Tag Archives: apocalypse

An Interview with Marcus Pactor

25 Apr
Marcus Pactor's debut collection of stories is vs. Death Noises.

Marcus Pactor‘s debut collection of stories, vs. Death Noises, has been called “nothing short of dazzling.”

If some writers would kill for a blurb from a literary icon, then maybe we should keep an eye on Padgett Powell. Here’s how the old Southern master recently answered a question about his pick for the most exciting author writing today: “There is a young twisted fellow from Jacksonville Florida named Marcus Pactor. It’s the best I’ve seen in some time.”

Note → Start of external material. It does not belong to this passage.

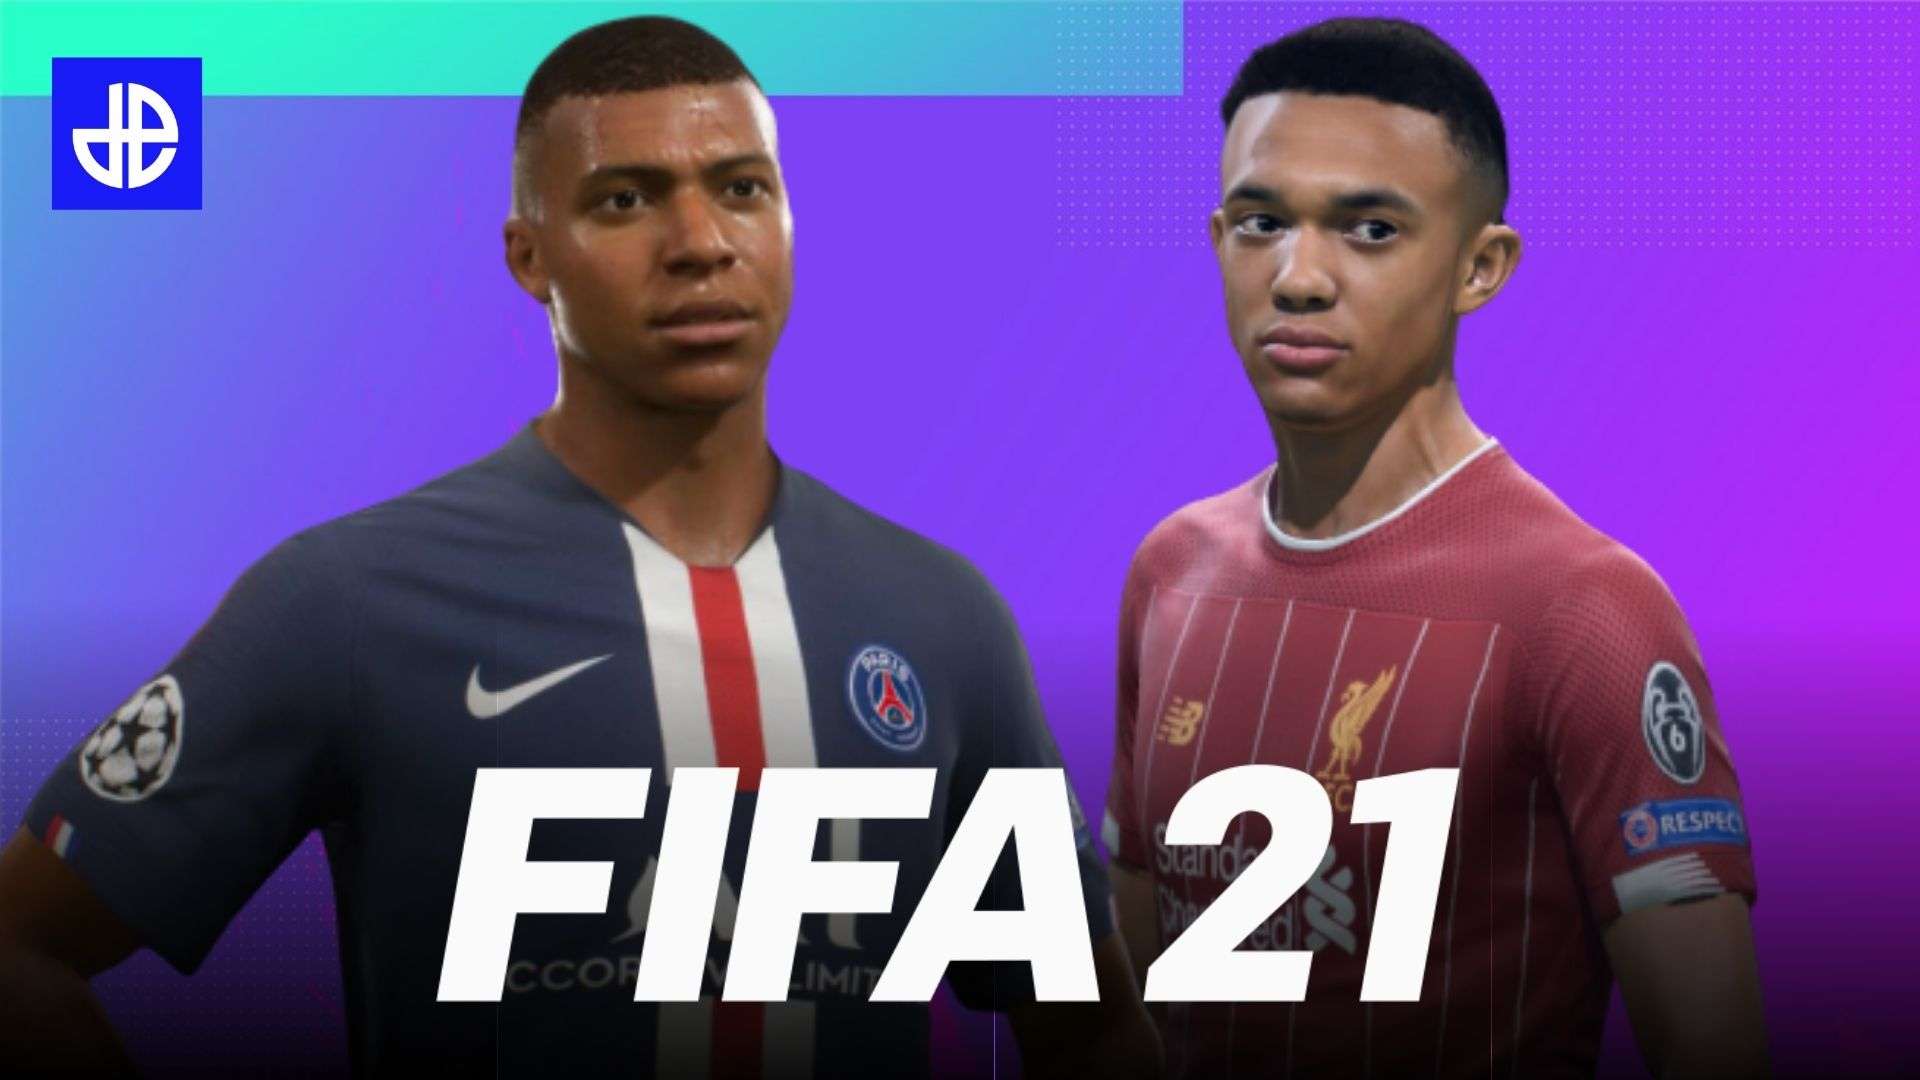 FIFA 21 cover stars

Marcus Pactor‘s debut story collection, vs. Death Noises, won the 2011 Subito Press Prize for Fiction. One review claimed that the book “cuts to the bone like a scalpel in the hands of a master surgeon.” Pactor received his MFA from Texas State University and currently teaches at the University of North Florida.

In this interview, Pactor discusses the development of narrative voice and the gap between our technologically-burdened world and the fiction that represents it.

Michael Noll

In some ways, the story resembles a TV detective drama like CSI. It’s about a search for truth that leads to the haunting last sentence: “Somewhere in this archive he said what he needed me to know.” But this isn’t the only way the story could have been written. Because it involves a dead body, the story could have directly traced the events that led to the death. Why did you choose to focus on the search?

Marcus Pactor

Steve by Marcus Pactor can be found online at this journal and also in his new collection of stories, vs. Death Noises.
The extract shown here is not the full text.